Directions for the data below: repeat exactly the lines from the one with "Haglofs Nengal 3L Proof Parka Snow Jacket" through the one with "Gift Set For", both included, and omit all pictures.

### Information
────────

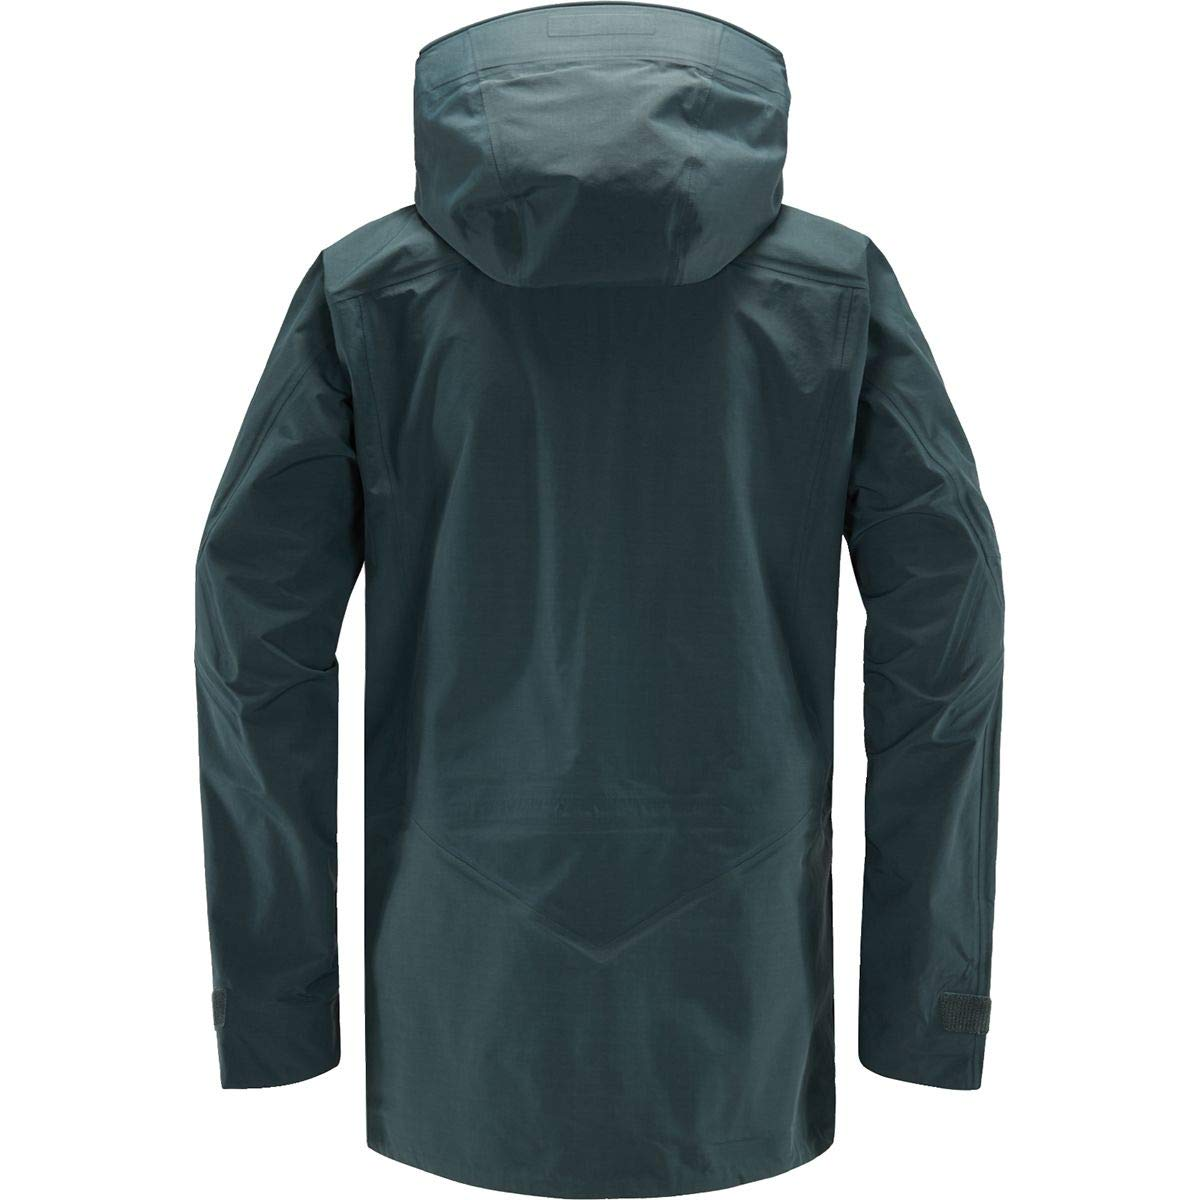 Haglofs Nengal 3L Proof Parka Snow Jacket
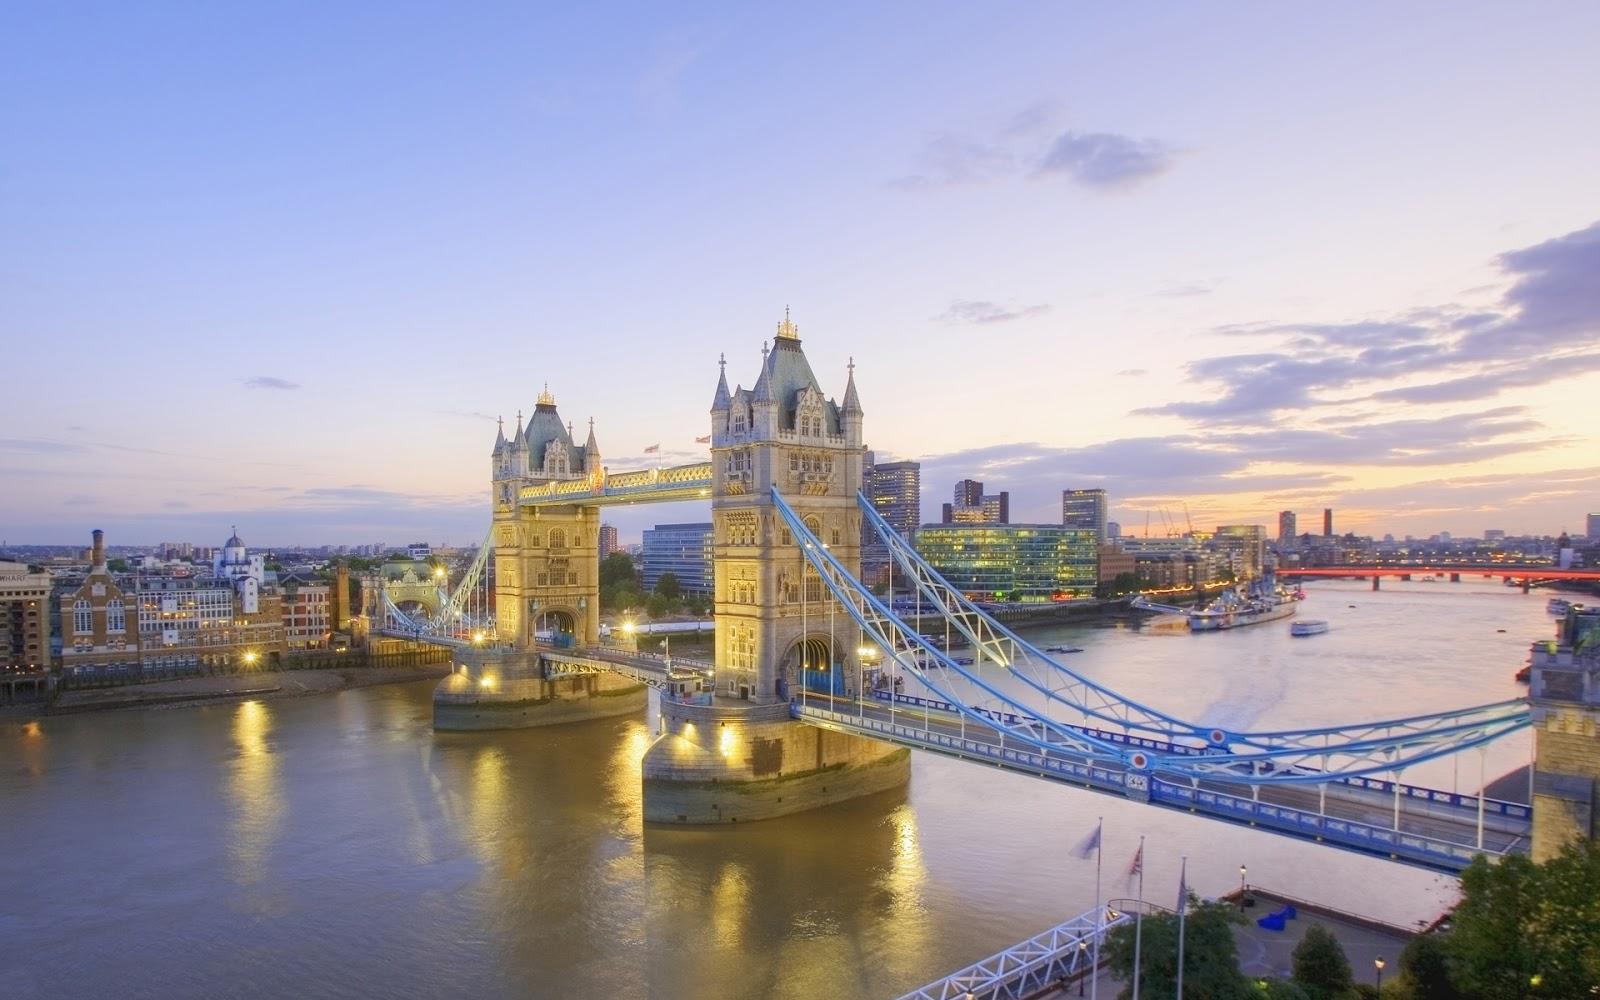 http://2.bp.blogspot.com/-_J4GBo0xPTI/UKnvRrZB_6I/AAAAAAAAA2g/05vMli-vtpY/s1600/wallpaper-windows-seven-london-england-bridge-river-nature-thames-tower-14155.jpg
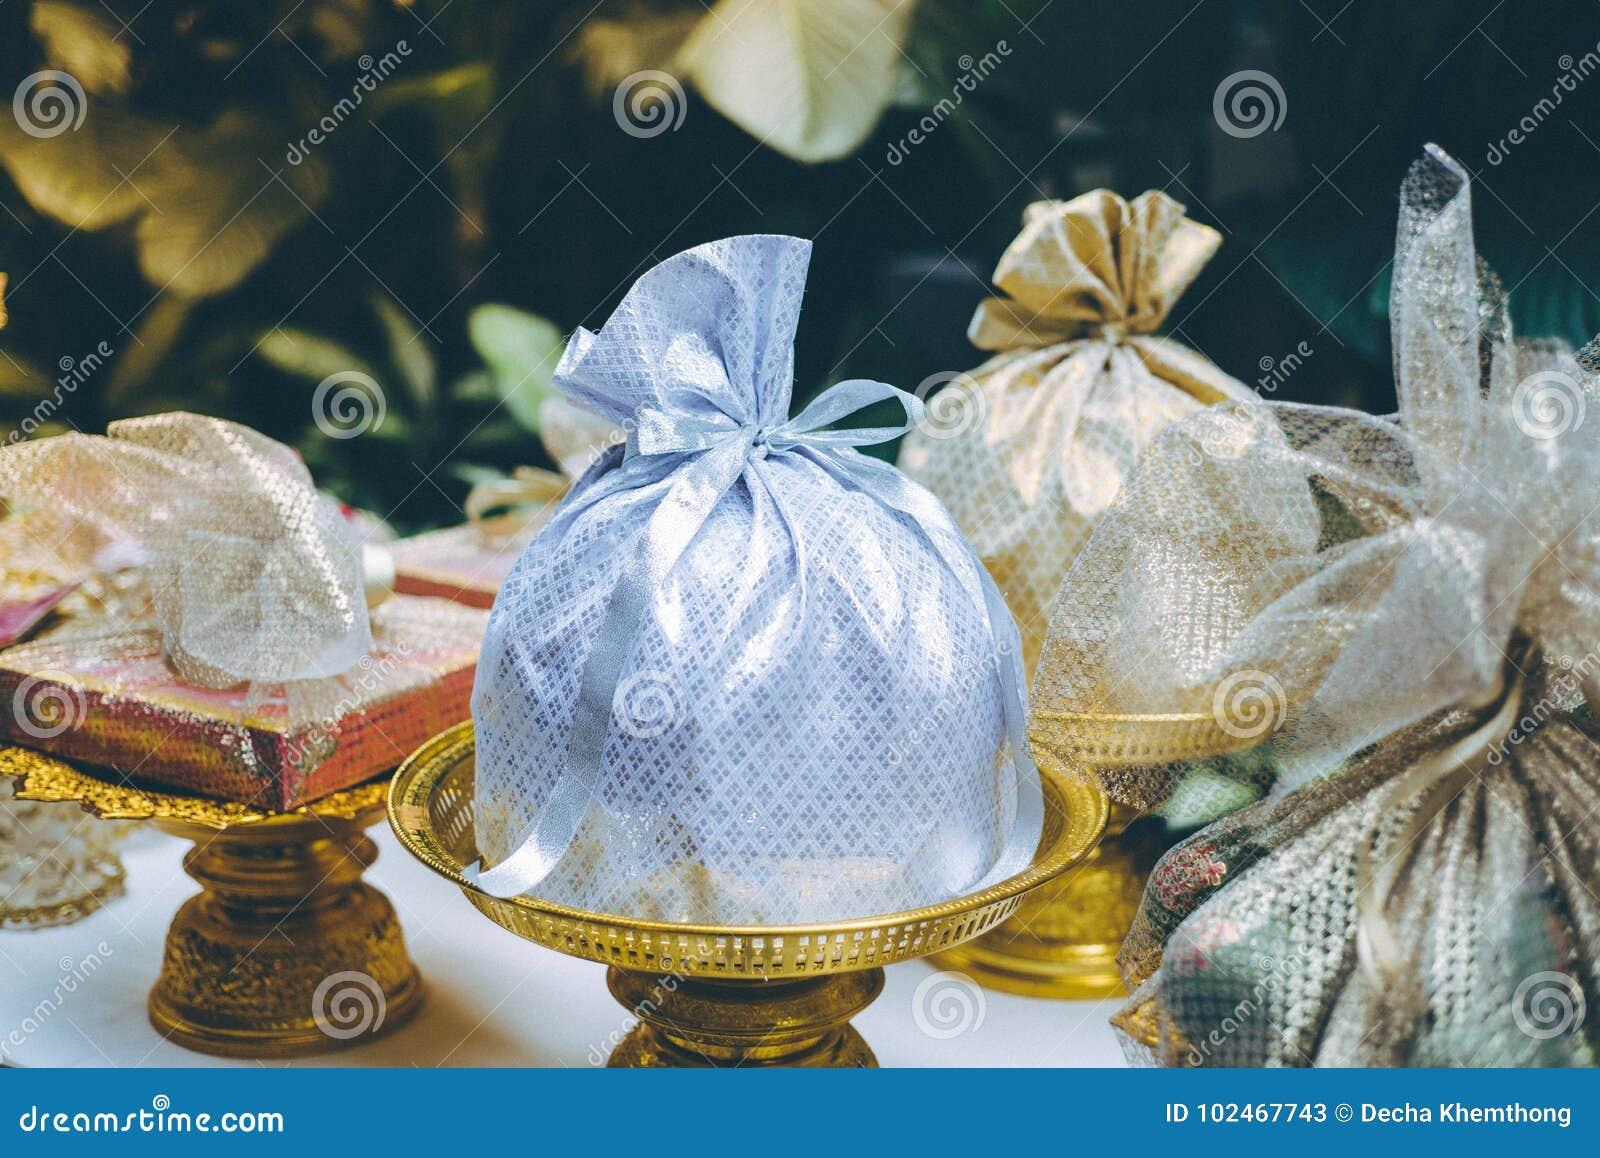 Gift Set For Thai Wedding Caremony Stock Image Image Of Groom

────────

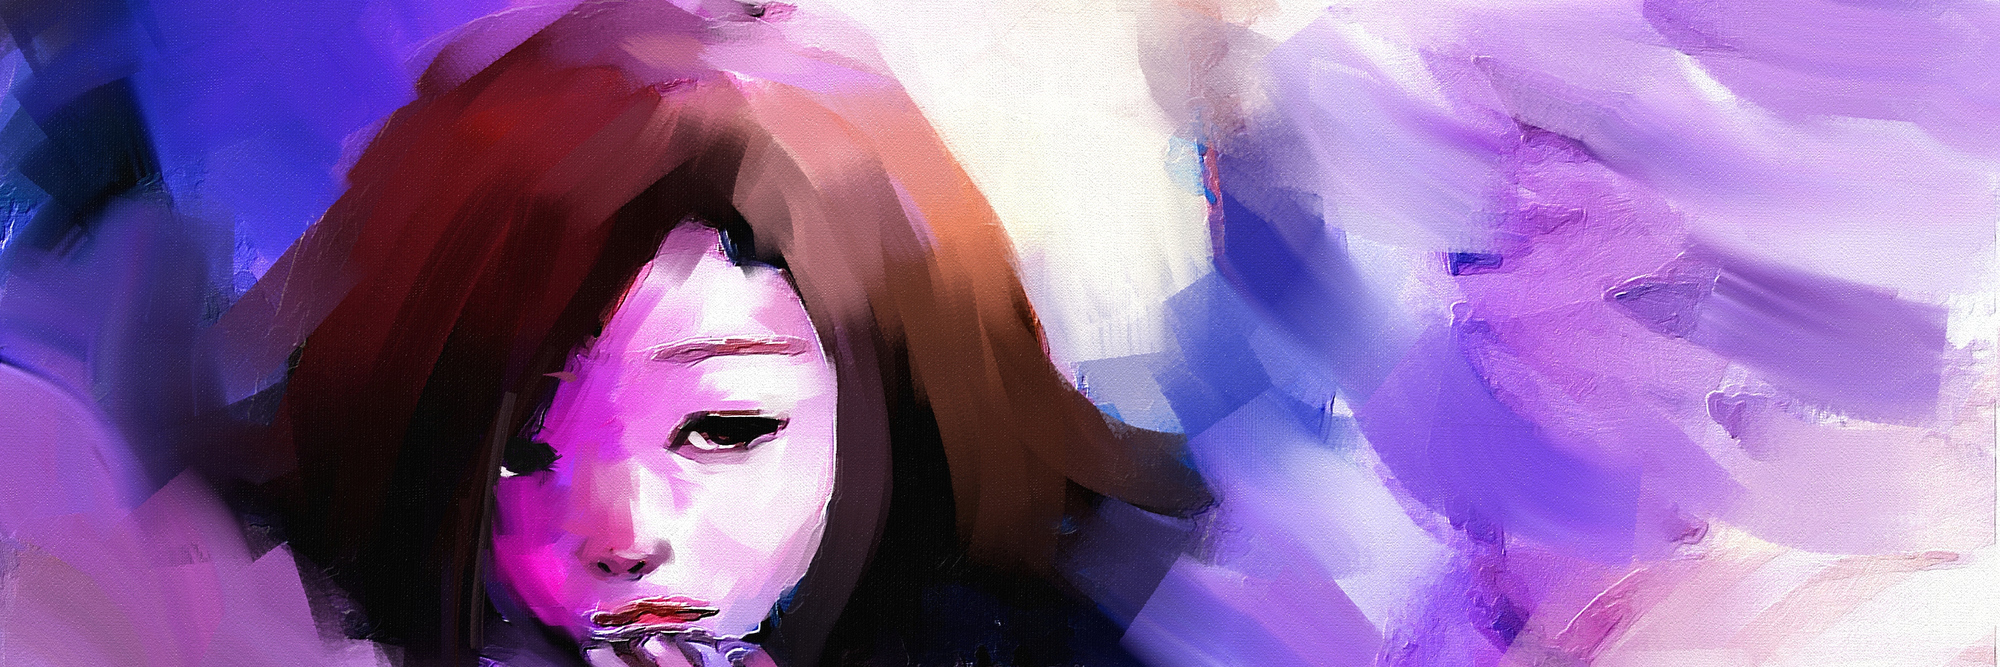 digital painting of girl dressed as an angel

────────

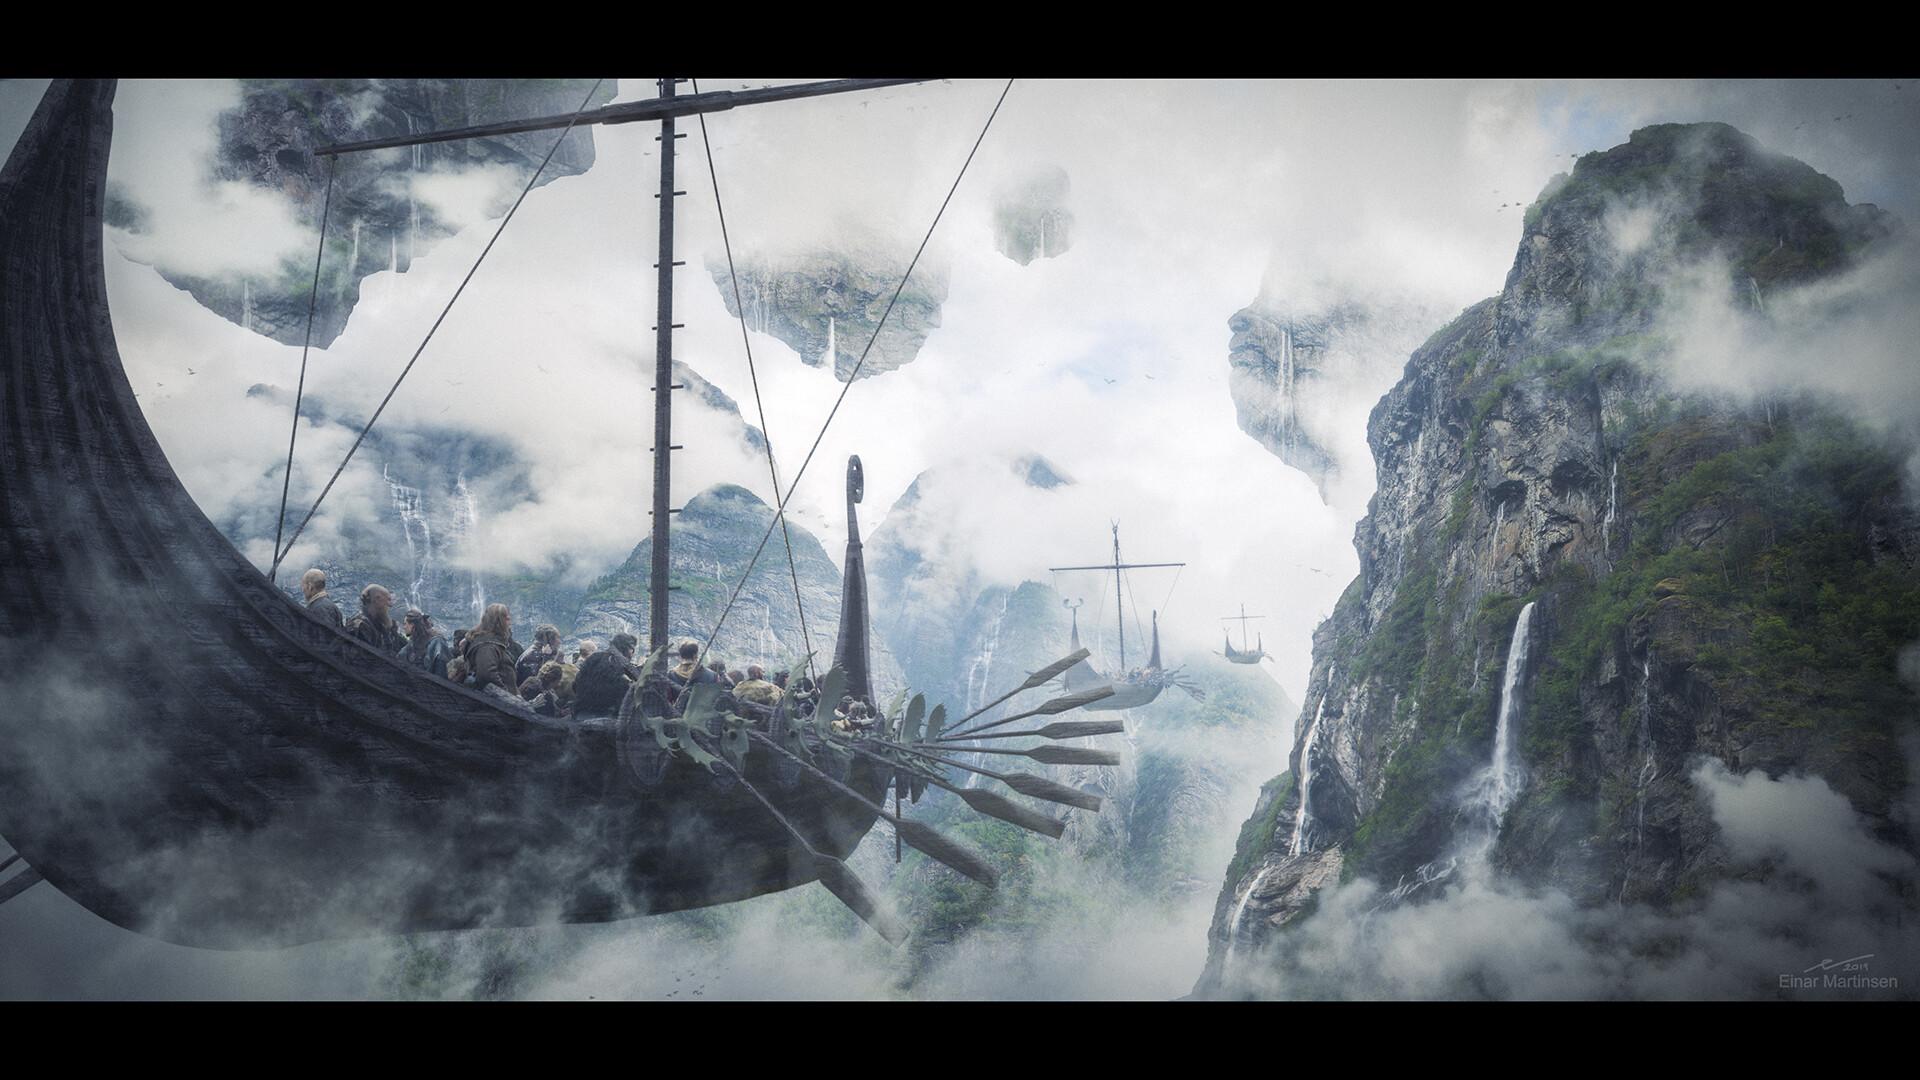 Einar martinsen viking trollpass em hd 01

────────

### Result of the task
 Haglofs Nengal 3L Proof Parka Snow Jacket
 http://2.bp.blogspot.com/-_J4GBo0xPTI/UKnvRrZB_6I/AAAAAAAAA2g/05vMli-vtpY/s1600/wallpaper-windows-seven-london-england-bridge-river-nature-thames-tower-14155.jpg
 Gift Set For Thai Wedding Caremony Stock Image Image Of Groom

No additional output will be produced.